The quick accuracy control method of a kind of planisher percentage elongation

Technical field

The invention belongs to the metallurgical production process automatic field, relate to a kind of elongation controlling means of rolling mill production line planisher.

Background technology

In the cold rolled strip steel production process, percentage elongation is an important technology index of product.The quality of elongation control performance is directly connected to the quality height of product.Because in process of production, percentage elongation have hysteresiss, the time become, non-linear, Mathematical Modeling is difficult to the characteristics such as accurate foundation, especially the rising in the moderating process of planisher, the fluctuation of percentage elongation is larger.Therefore, adopt conventional increment type PID algorithm to be difficult to obtain satisfied control effect." application of Cold-Rolled Strip Temper Mill elongation control system and research " (steel research journal, 2008 Vol.20 No.5) a kind of elongation control system of cold rolling levelling unit has been described, this system is a kind of double closed-loop control system, what interior ring adopted is the roll-force control system, and what outer shroud adopted is elongation control system.And for planisher in acceleration and deceleration or the percentage elongation fluctuation problem when other disturbance occurring, the method for the FEEDFORWARD CONTROL that proposed in double closed-loop control system, to gather way.The method that article proposes has certain effect for control and the disturbance rejection of percentage elongation, but lacks the characteristic of quick real-time response and the control method of stability.

Summary of the invention

Purpose of the present invention just provides a kind of quick accuracy control method of planisher percentage elongation, and the method not only has gratifying elongation control effect, but also has fast real-time response characteristic and the stronger stability of a system.
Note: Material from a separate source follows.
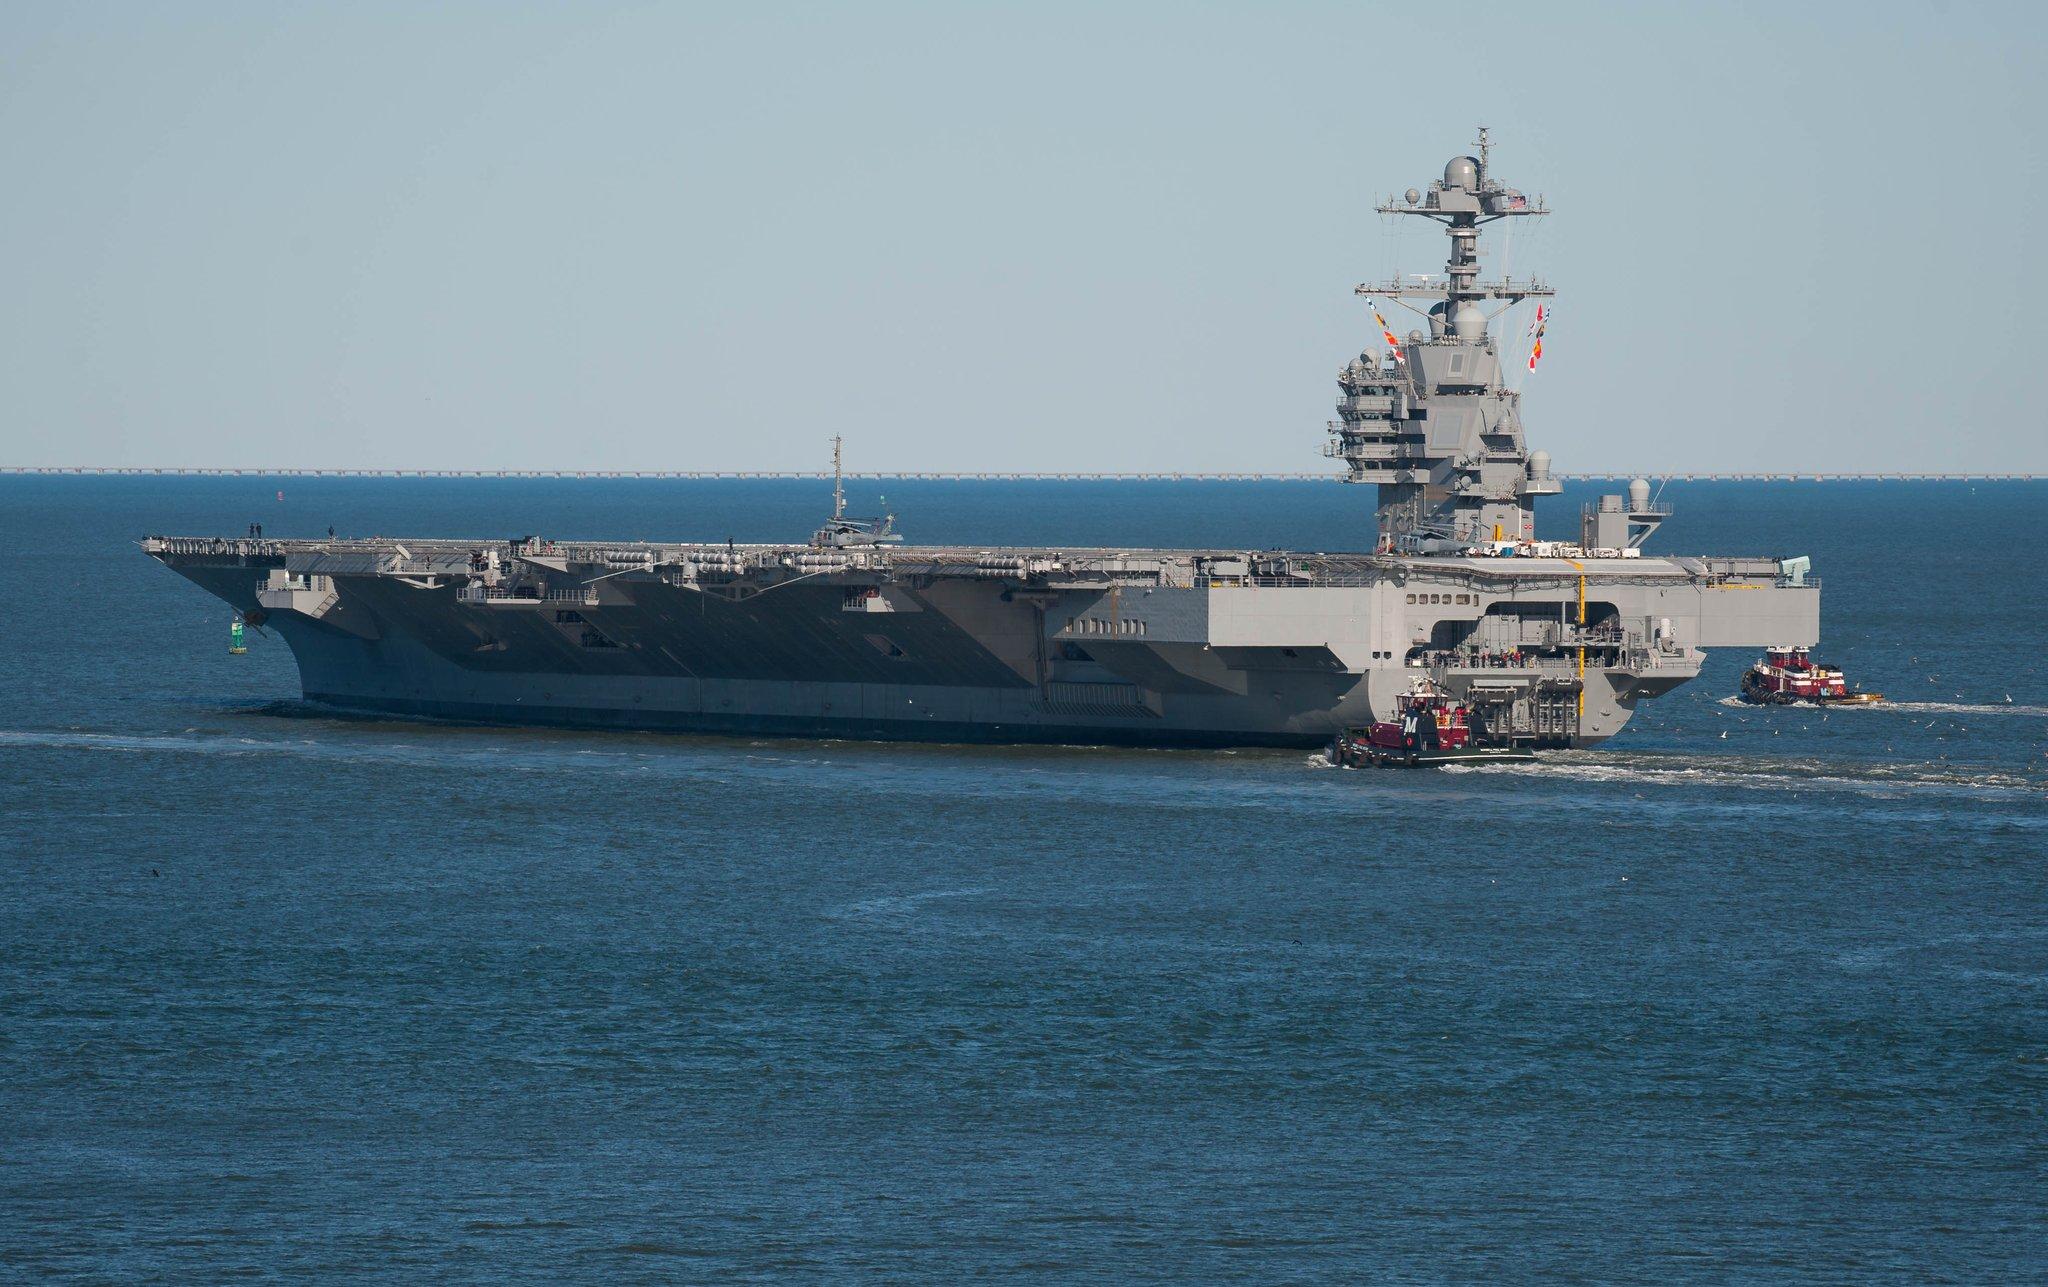 美國HII工業New Port News造船廠:美國海軍Gerald R. Ford級USS Gerald R. Ford (CVN-78)福特號航空母艦-開始海上測試作業 @ 阿 ...
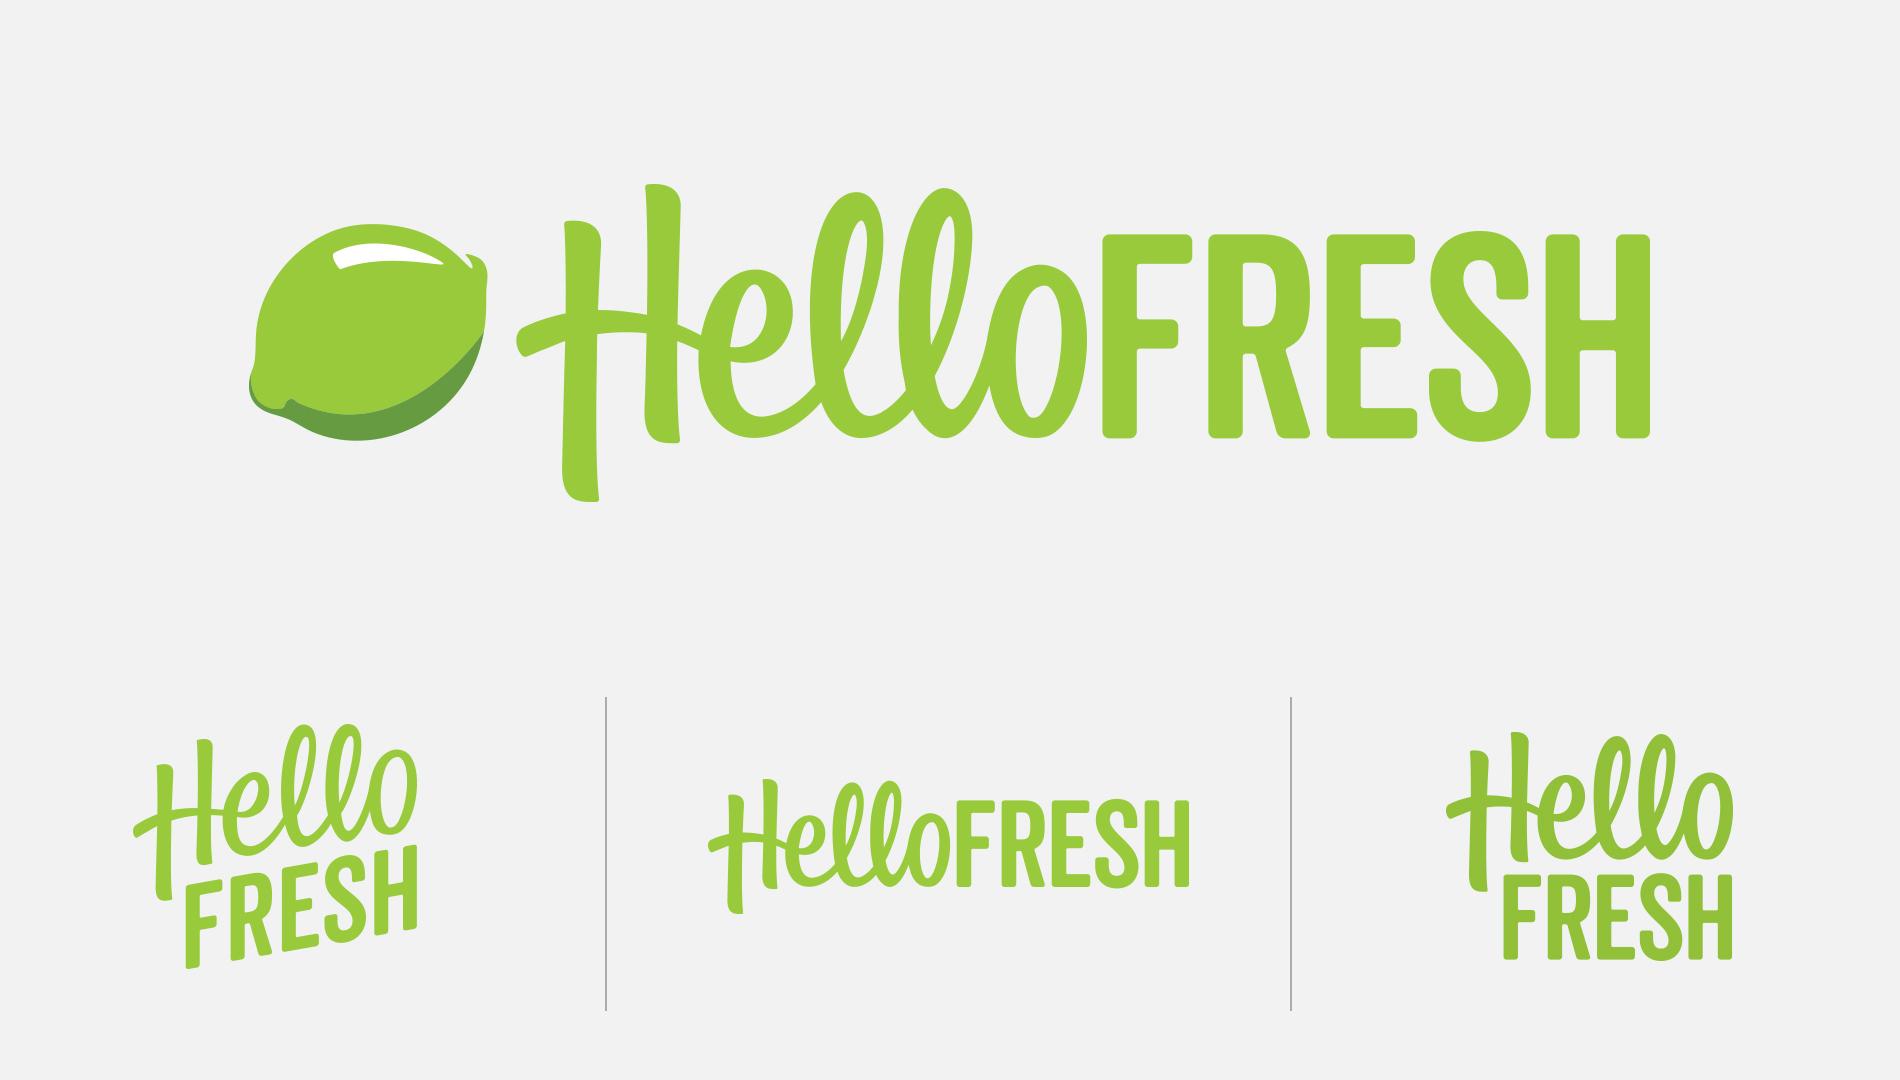 HelloFresh/Other

For achieving the above object, the present invention has adopted following technical scheme:

The quick accuracy control method of a kind of planisher percentage elongation, the method adopts double closed-loop control system, and wherein roll-force control is as interior ring control system, and elongation control comprises dynamic compensation control as the outer shroud control system; The roll-force closed-loop control system adopts is the mode of controlling with roll-force control and poor roll-force of fore side and transmission side; What the hydraulic cylinder servo valve adopted is leakage compensation integration control mode.

Further, described roll-force closed-loop control system has fast response characteristic, and system response time, the roll-force fluctuation range was controlled in the 0.05MN about 25ms.Servo valve output current I:

$I=K_p*\mathrm{\ΔF}+\frac{1}{T_i}\underset{0}{\overset{t}{\∫}}\mathrm{\Δf}*K_p*\mathrm{dt}$

Δ F is the rolling force deviation value in the formula, K _PBe controller gain, T _iBe servo valve leakage compensation controller time of integration, t is the sampling period of program.

Further, described percentage elongation closed-loop control system has fast response characteristic, and system response time, the roll-force fluctuation range was controlled in the 0.05MN about 25ms.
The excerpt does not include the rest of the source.